For concreteness, let us define the Gaussian kernel $g$ as $$g(x,y) = \frac{1}{2\pi \sigma_x \sigma_y} \exp\left[-\frac{x^2}{2 \sigma_x^2}- \frac{y^2}{2\sigma_y^2}\right].$$ Its Fourier transform is again a Gaussian $$\hat g(k_x,k_y) = \int\!dx\, dy\, e^{i kx x + i ky y}\, k(x,y)= \exp\left[-\frac{\sigma_x^2 k_x^2}{2}- \frac{\sigma_y^2 k_y^2}{2}\right]$$ is again a Gaussian.
Under Fourier transform the convolution becomes a product, i.e., $\widehat{k\star g} = \hat{k} \times \hat{g}$. The difference is given by $$\begin{align}\int\!dx\,dy\,|f(x,y)-f'(x,y)|^2 &=\int\frac{dk_x}{2\pi}\frac{dk_y}{2\pi}\,|\hat{f}(k_x,k_y)-\hat{f'}(k_x,k_y)|^2\\ &=\int\frac{dk_x}{2\pi}\frac{dk_y}{2\pi}\,|\hat{f}|^2|1-\hat{k} \hat{g}|^2 \end{align}.$$ In order to minimize the difference, $\hat{k} \hat{g}$ should be as close as possible to 1 (and of course $k$ still normalized).

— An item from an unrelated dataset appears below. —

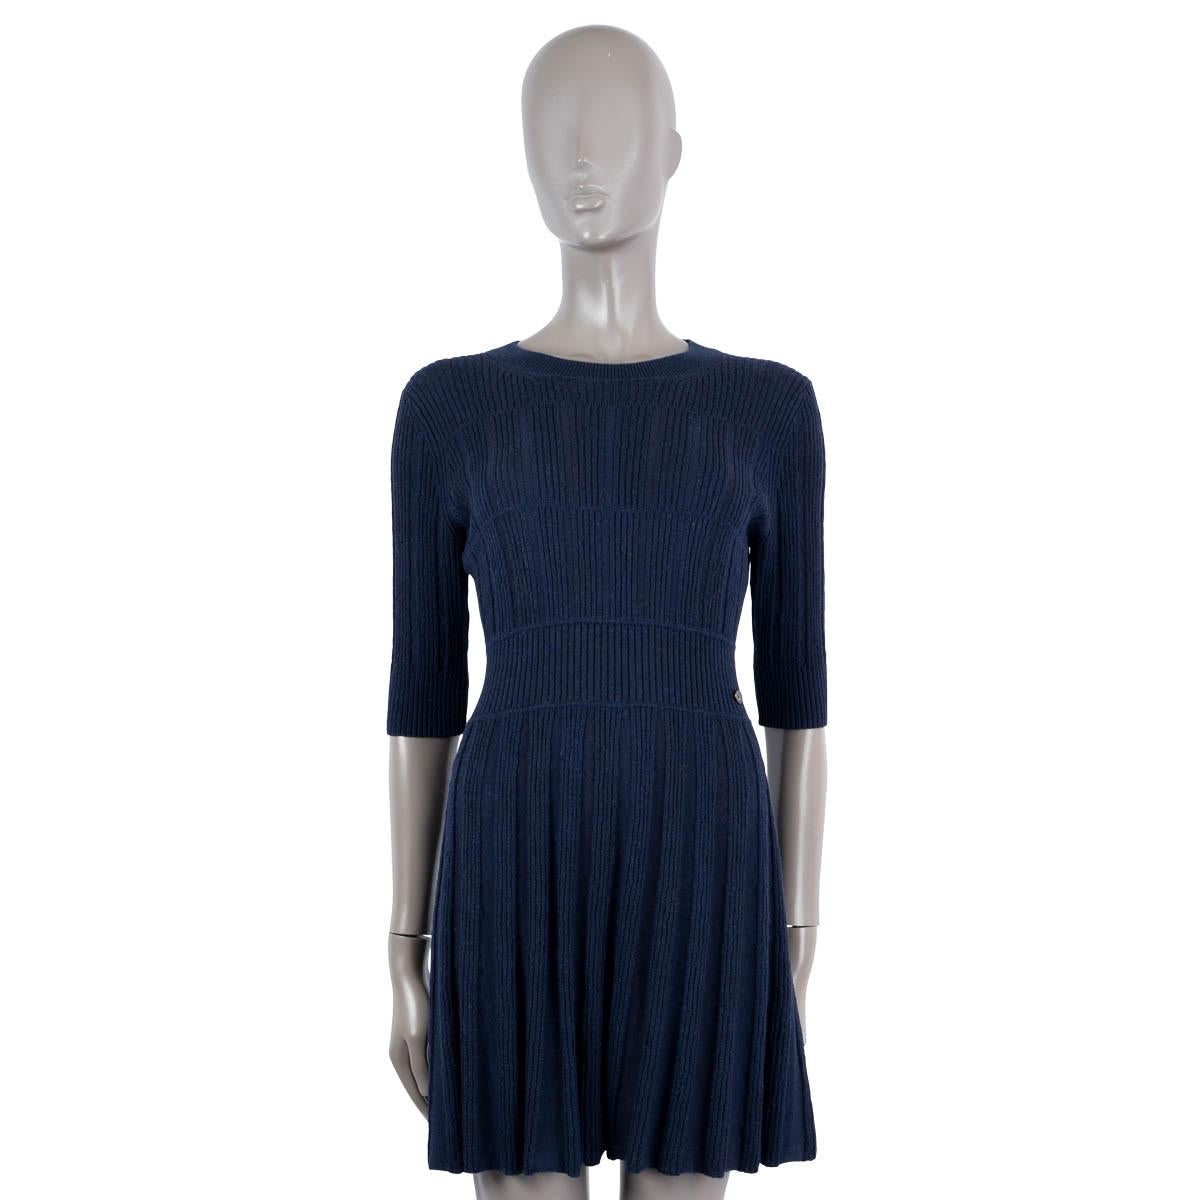 CHANEL navy blue alpaca & wool 2018 18B TEXTURED KNIT Dress 36 XS For Sale

Therefore, we have to minimize $$\int\frac{dk_x}{2\pi}\frac{dk_y}{2\pi}\,[|1-\hat{k} \hat{g}|^2+\lambda|\hat{k}|^2],$$ where $\lambda$ is a Lagrange multiplier to keep the norm of $\hat k$ at 1. We can variate this equation, and obtain $$\int\frac{dk_x}{2\pi}\frac{dk_y}{2\pi}\,[2 \hat{g}(1- \hat{k} \hat{g})+2 \lambda\hat{k}] \delta \hat k,$$ with the solution $$\hat{k} = \frac{\hat{g}}{\hat{g}^2+\lambda}= \frac{\exp\left[-\frac{\sigma_x^2 k_x^2}{2}- \frac{\sigma_y^2 k_y^2}{2}\right]}{\exp\left[-\sigma_x^2 k_x^2- \sigma_y^2 k_y^2\right]+\lambda}.$$ $\lambda$ is determined from the normalization condition.